7. As nossas perdas militares são reduzidas, as do inimigo são enormes (cf. Vietnam, Iraque...)

8. Os artistas e intelectuais apoiam a nossa causa (cf. Hegel e o regime Hitleriano)

9. A nossa causa é de caracter sagrado. O apoio do clero é solicitado e aplica-se a terminologia religiosa à guerra: inferno, apocalipse, sacrificio, martirio, milagre, etc...

10. Qualquer tentativa de questionar os pontos acima referidos, é visto como um acto de antipatriotismo ou até de traição.

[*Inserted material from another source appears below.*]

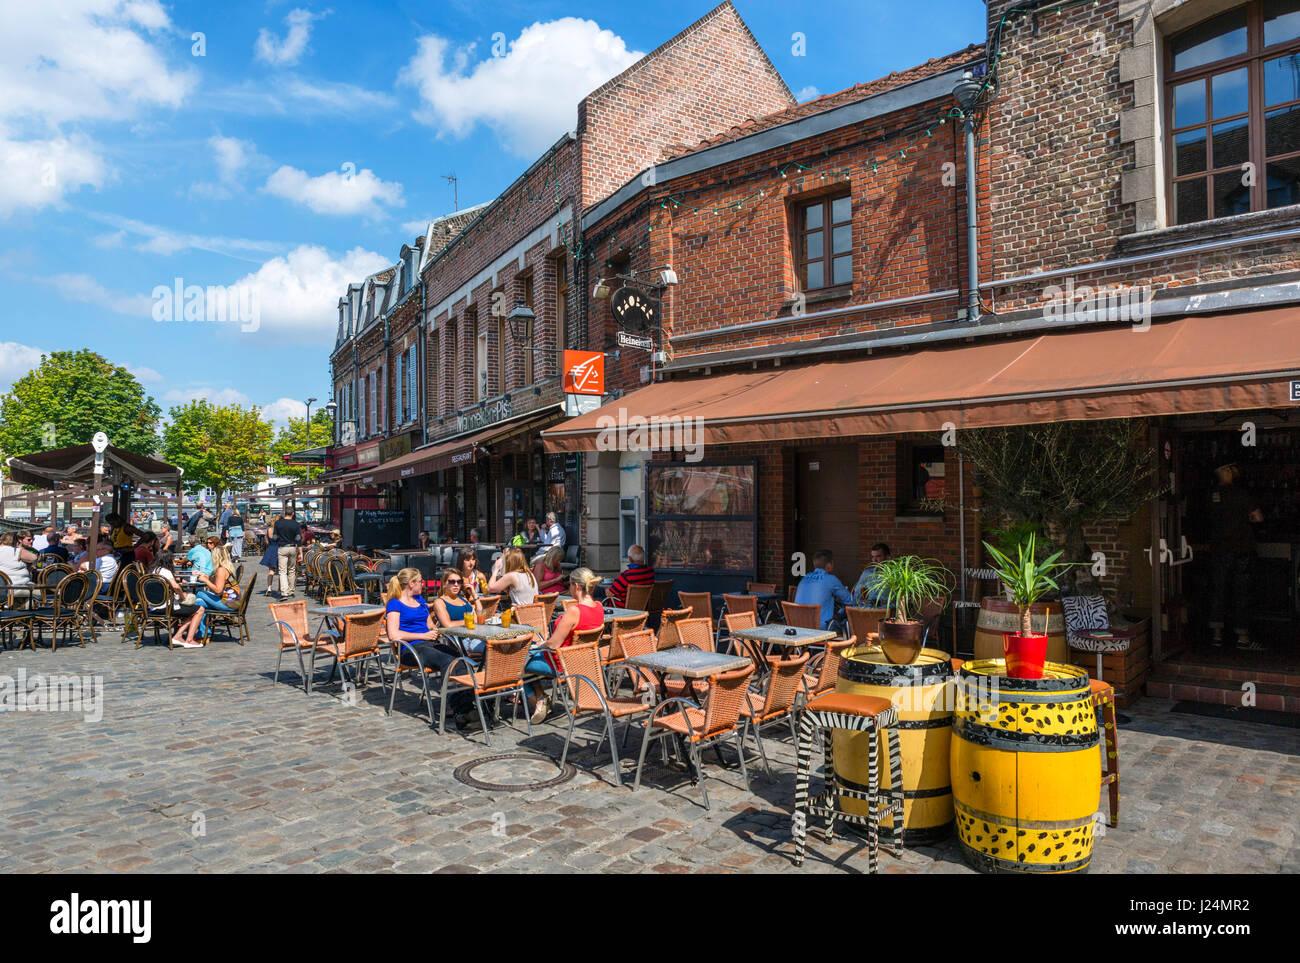 Cafe on Rue des Bondés, Quartier St-Leu, Amiens, Picardy, France - Stock Image

É estranho como em quase um século os métodos nao evoluiram. História e crítica são disciplinas que deveriam fazer parte de todos os cursos, até de metamáticas ou de veterinária. São principios que depois de lidos podem parecer evidentes, mas que me pareceu importante salientar por até postumamente serem aplicados ao Saddam Hussein. E sobretudo porque a maioria de nós ainda vai nesta conversa da propaganda de guerra e diabolisação de leaders políticos. Sem mais rodeios, deixo aqui estes 10 Mandamentos da Propaganda de Guerra retirados do livro de Morelli, na esperança de vos dar mais um utensilio de análise da legitimidade das guerras actuais – e futuras, com certeza.